A modified MPIC [21] has two stages. In initial stage, we can obtain the channel impulse response after channel estimation. Assume multi-path gain is small, so we don't consider the multi-path gain m[t]. Then, we have

$$\hat{x}[t] = \frac{y[t]}{h[t]}, t = 1, 2, ..., N$$
(3.23)

, where  $\hat{x}[t]$  is initial data vector without considering multi-path effect. Because the second path delay is  $\tau$ , it means the dominant received signal will be affected by the second received signal after time  $\tau$ . In update stage, the received signal cancels the second path interference and the result is divided by the main path gain to get the updated transmitted data x[t].

$$x[t] = \frac{y[t] - m[t - \tau] \times \hat{x}[t - \tau]}{h[t]}, t = 1, 2, ..., N$$
(3.24)

The equation from (3.22) can be simplified as

$$x[t] = x[t] - \frac{m[t-\tau] \times x[t-\tau]}{h[t]}, t = 1, 2, ..., N.$$
(3.25)

If we only consider about high channel path gain which interferes the received signal larger, it can reduce the hardware complexity of traditional time domain equalization. The filter taps won't increase with the length of channel impulse response.

## 3.2.2 Golay-Sequence Aided Channel Estimation [15]

A set of complementary series is defined as a pair of equally long, finite sequences of two kinds of elements which have the property that the number of pairs of like elements with any one given separation in one series is equal to the number of pairs of unlike elements with the same given separation in the other series. For example, the two series a = 00010010 and b = 00011101 are complementary [23].

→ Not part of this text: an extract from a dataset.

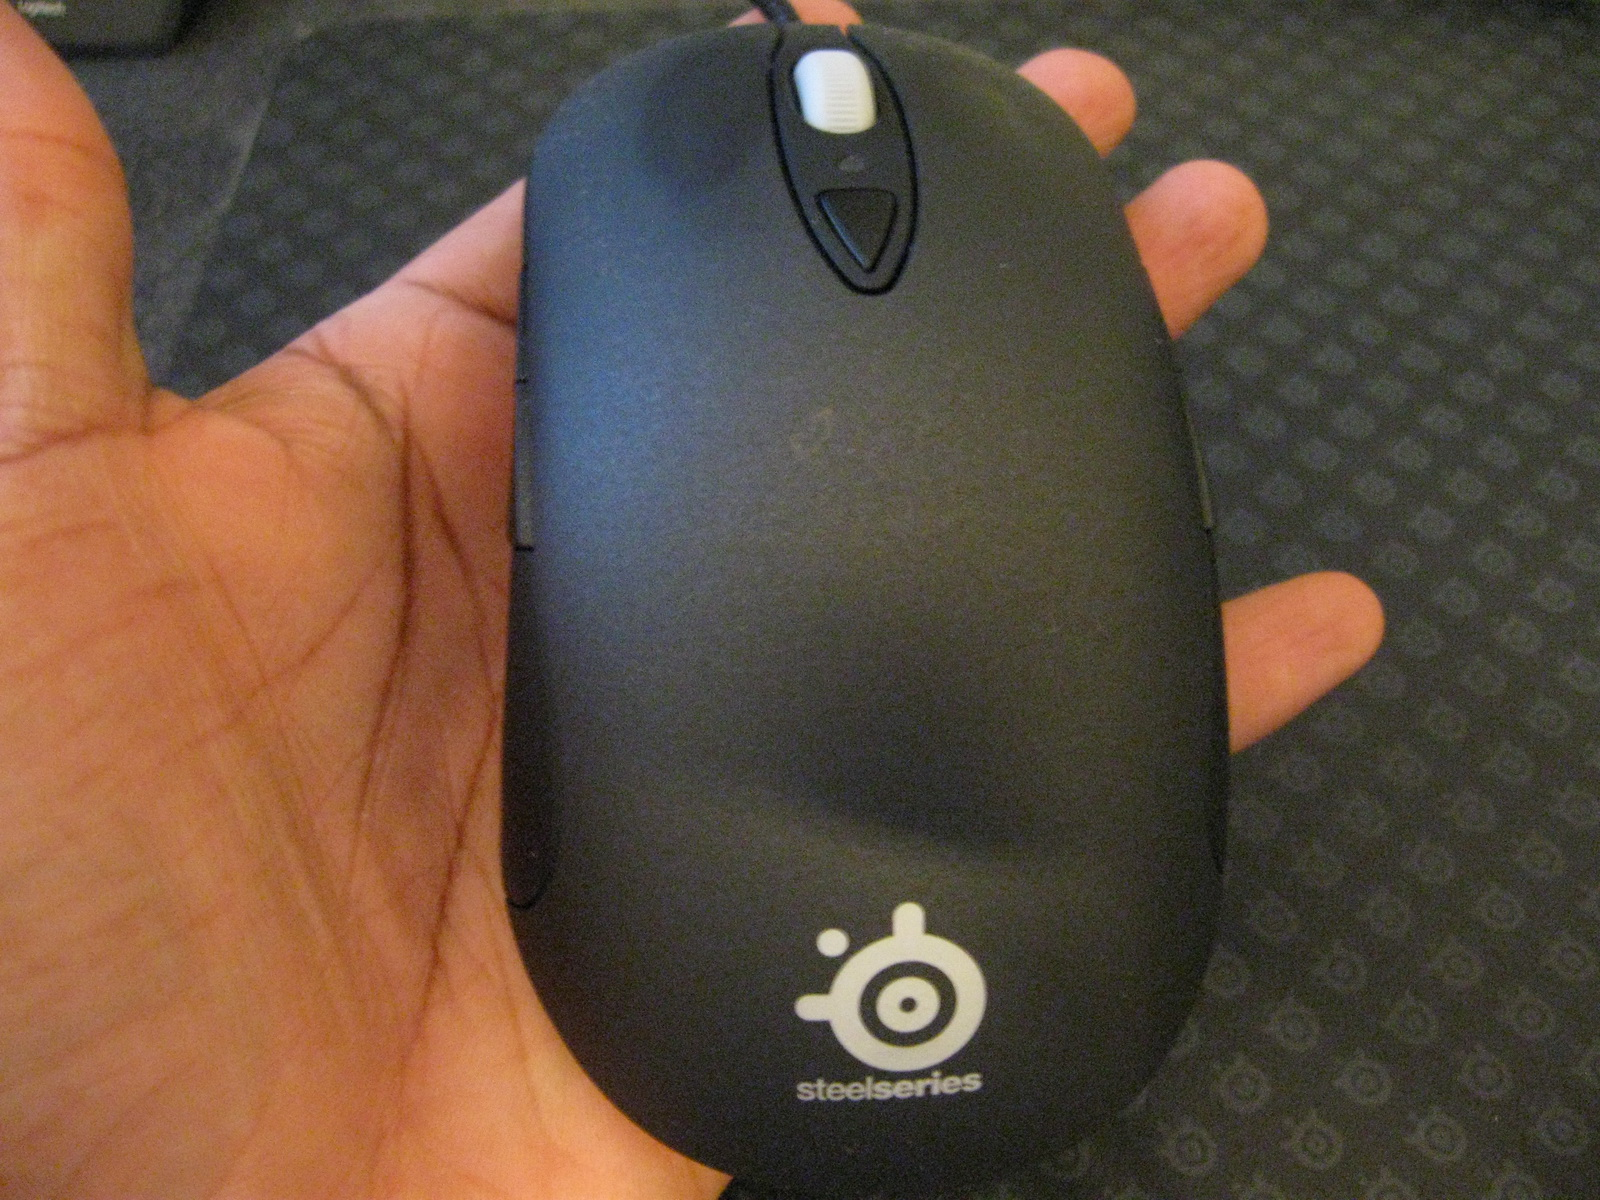 Steelseries XAI laser mouse
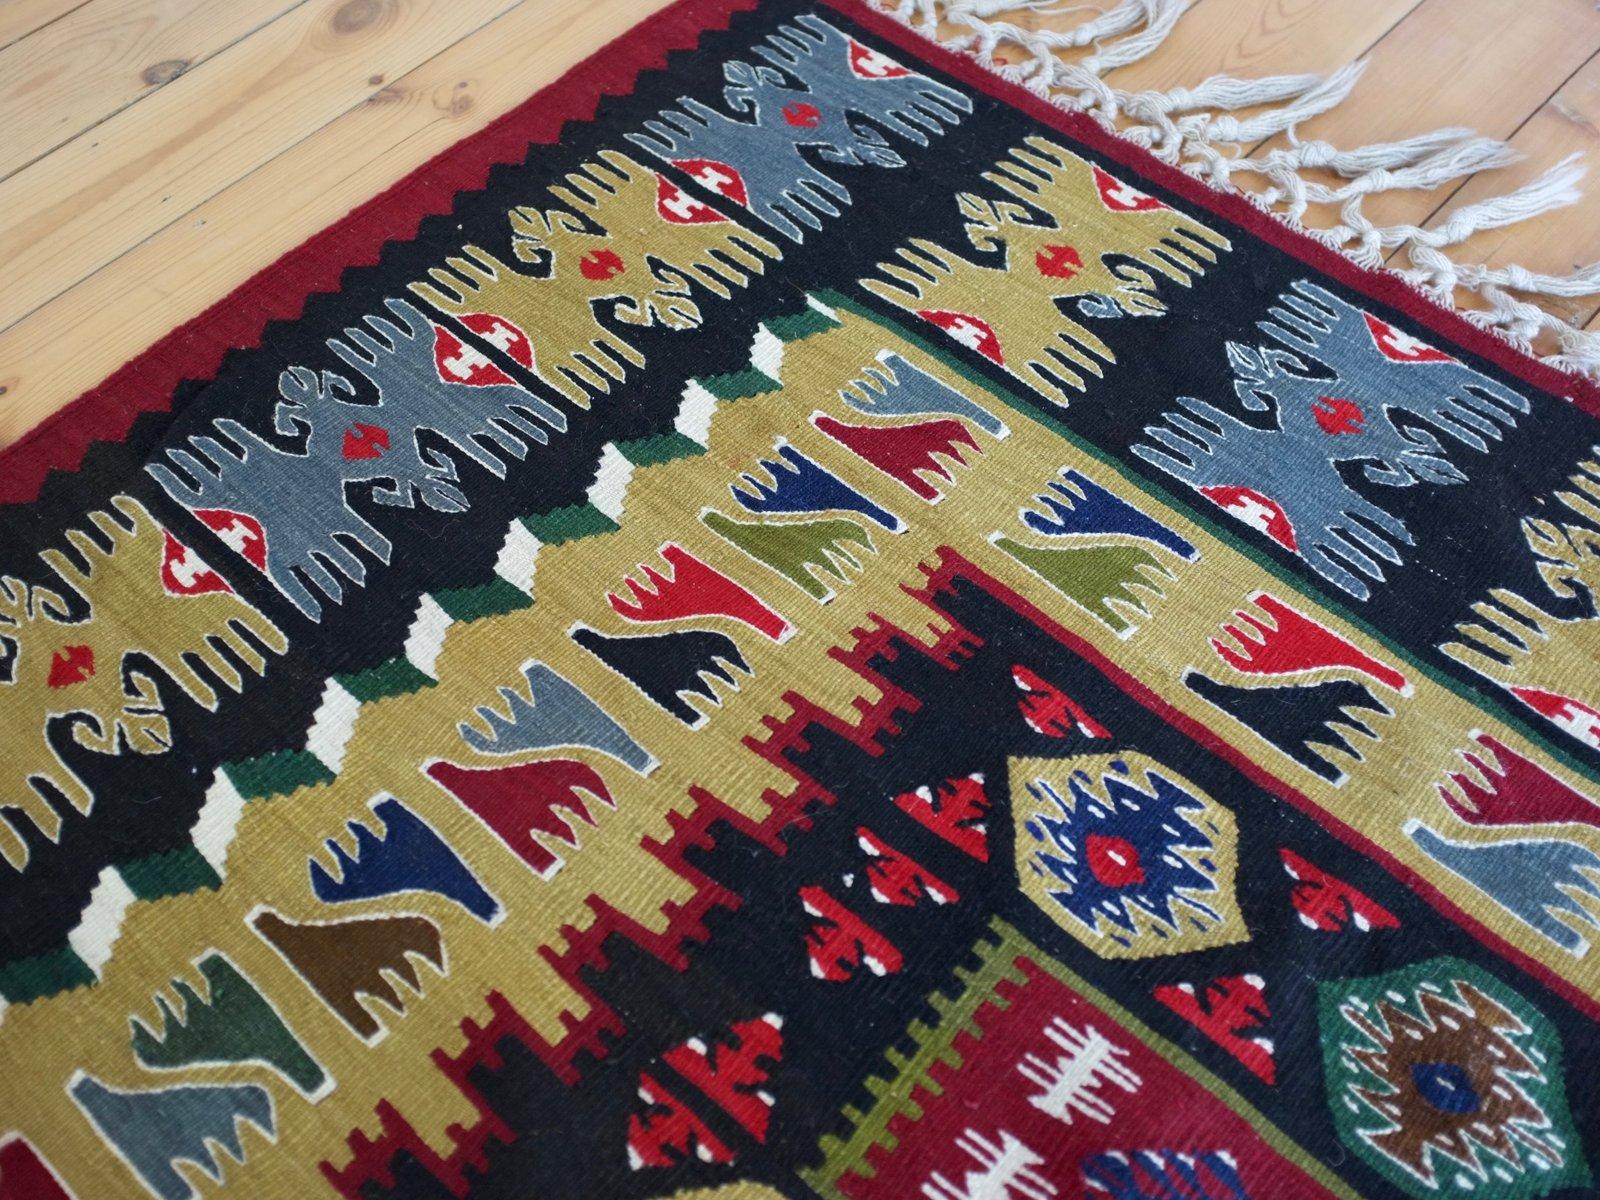 turkish handwoven sarkoy yoruks kilim rug 1950s for sale at pamono. Black Bedroom Furniture Sets. Home Design Ideas

### **Golay Sequence Property**

Golay sequences with N of length are generated by delay and weight vectors with M of each length and a recursive algorithm [24], [25]. Binary Golay sequences are generated when the delay vector  $D = [D_0...D_{M-1}]$  is chosen as any permutation of  $[2^0...2^{M-1}]$  and the weight vector  $W = [W_0...W_{M-1}]$  has  $\pm 1$  of elements. The recursive algorithm for generating Golay sequences is described as follows:

$$a_{N,(0)}(i) = \delta(i),$$

$$b_{N,(0)}(i) = \delta(i),$$
(3.26)

$$b_{N,(0)}(i) = \delta(i), \tag{3.27}$$

$$a_{N,(m)}(i) = W_{m-1}a_{N,(m-1)}(i) + b_{N,(m-1)}(i - D_{m-1}), (3.28)$$

$$b_{N,(m)}(i) = W_{m-1}a_{N,(m-1)}(i) - b_{N,(m-1)}(i - D_{m-1}), (3.29)$$

$$a_{N,(0)}(i) = a_{N,(M)}(i),$$
 (3.30)

$$b_{N,(0)}(i) = b_{N,(M)}(i)$$
. (3.31)

Golay sequences are complementary sequences, which have an attractive property that the sum of their autocorrelations has single maximum peak and no side-lobe.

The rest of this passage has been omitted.